ぬぬう、たとえば上宮王家襲撃事件あたりの記述について確かめてみると、10年くらい前にやはり新書の形で世に出された「大化改新―六四五年六月の宮廷革命 (中公新書)」と比べ、藤氏家伝や聖徳太子伝暦の取り扱い方、そこから導かれる事件の首謀者についての見解が確かに違っている。この本を読んで「ほほーう!」と興味を深めていった自分としては困るような嬉しいような。やべえ、俺これから結構昔のシュッパンブツばかり読もうとしてるんだけど、その内容が頭に入ったところで既に現在では覆っていたりってことがあるんだろうなあ、と思った。でもやっぱり昔の通説というのも知っておいたほうがいいんだろうし。ちょっとくじけそう。

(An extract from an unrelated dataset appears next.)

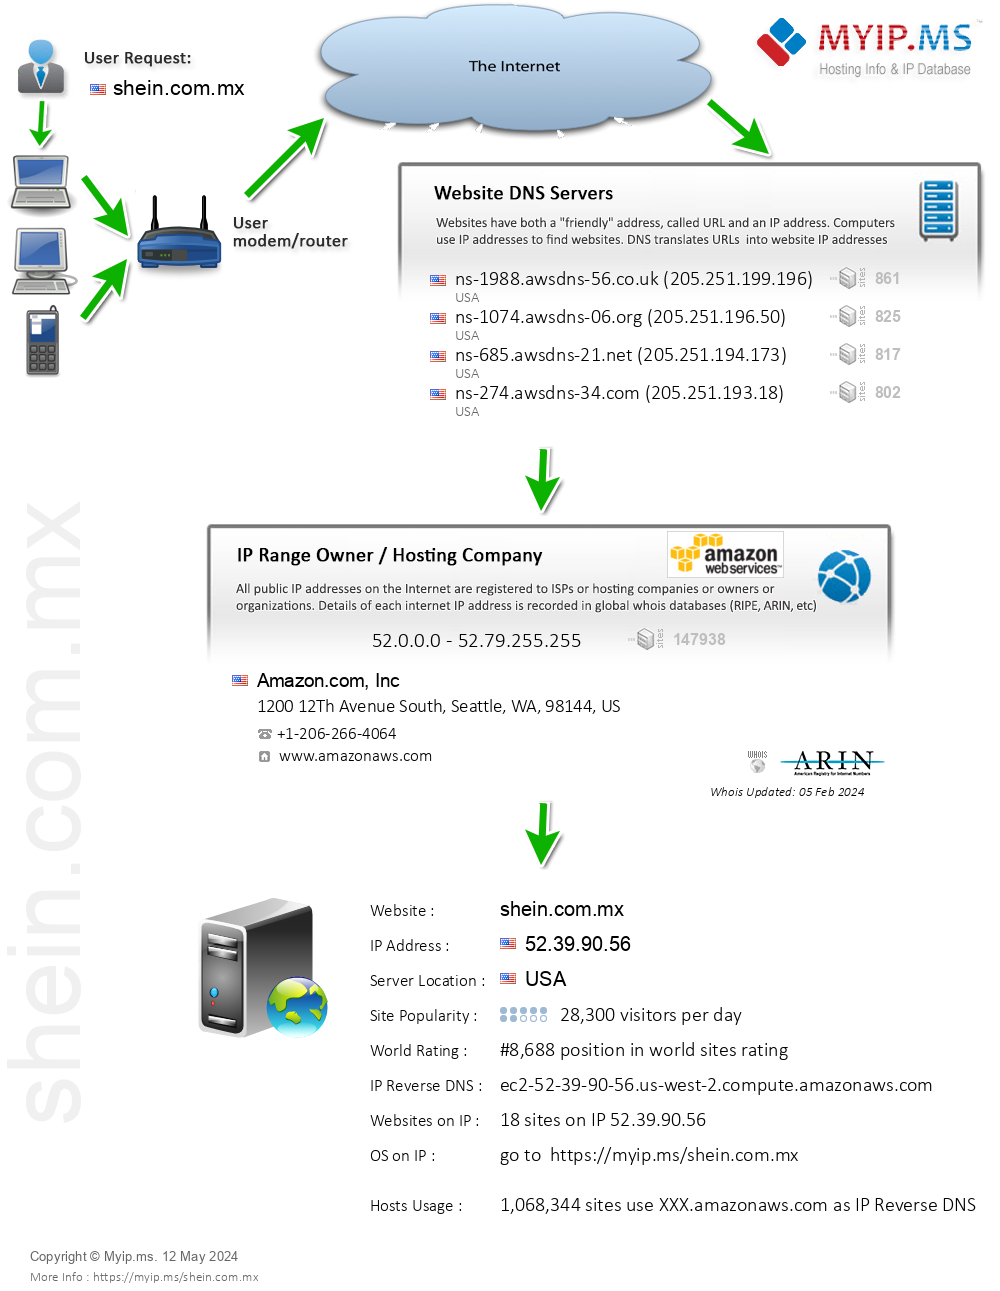 Shein.com.mx - Website Hosting Visual IP Diagram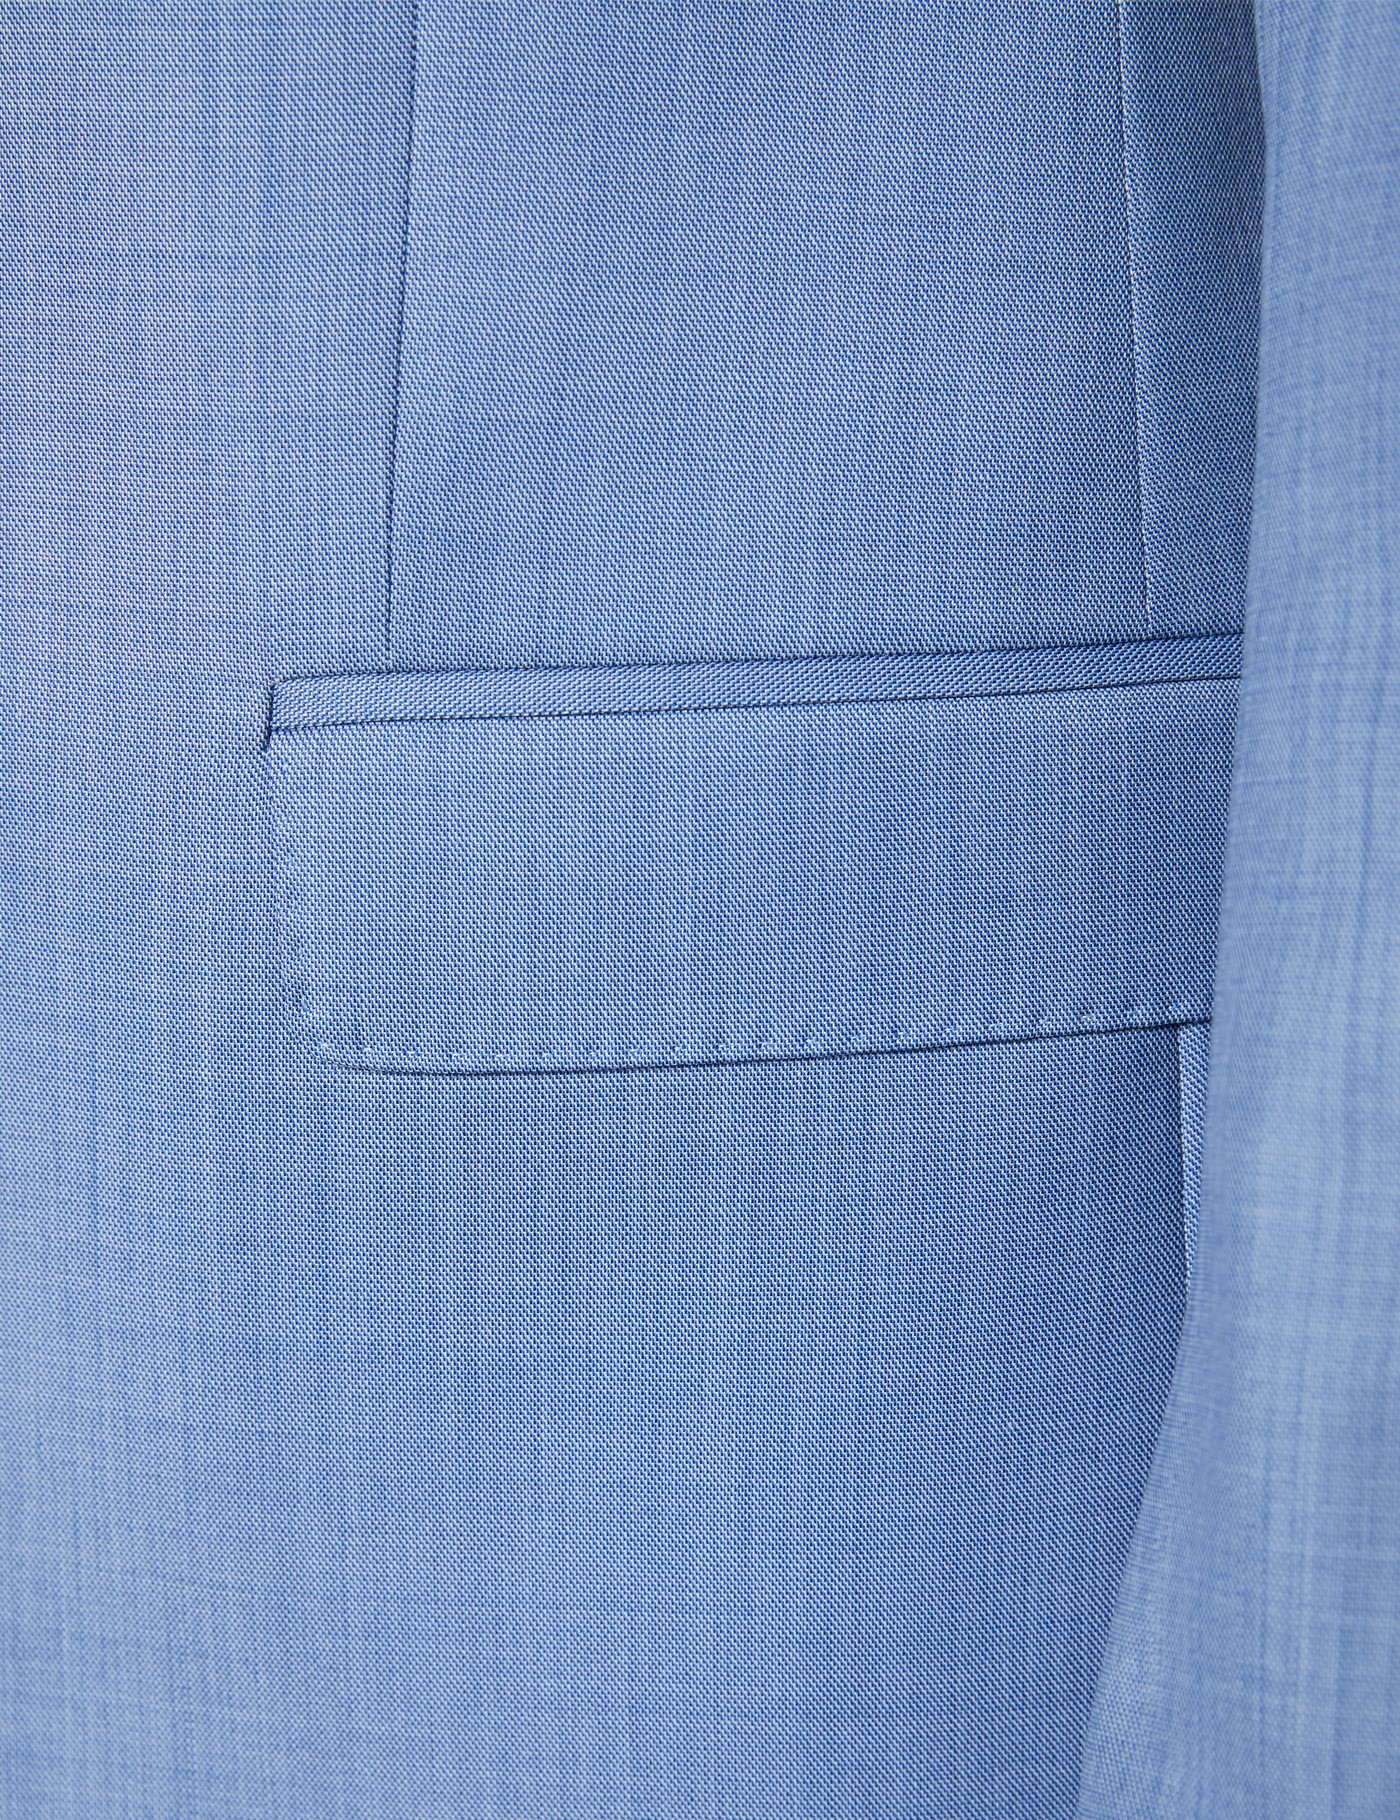 Men's Light Blue Slim Fit Italian Suit Jacket – 1913 Collection | Hawes ...

っていうかまた話が読んだ本からずれていくんだけど、日本書紀の「鼠は穴に伏れて生き、穴を失ひて死す」というフレーズは結局のところ実際に古人王子の口から出た言葉なんだろか?俺はかなり疑わしいと思うんだけども、根拠がなくてなんとなくそう思うだけでうまく説明できんとです。っていうかこのフレーズを含む襲撃事件での山背逃亡後のくだり自体が不自然でやっぱり気になる。岩波文庫日本書紀の注を見たら俺の思っているのと逆で「鼠=入鹿」だと説明されているし。あああーーー、前にも書いた鼠問題がやっぱり気になってきたよおおああああ!!!というところで自分の日記の該当箇所をメモしておいて、話がズレたままで感想文終わり。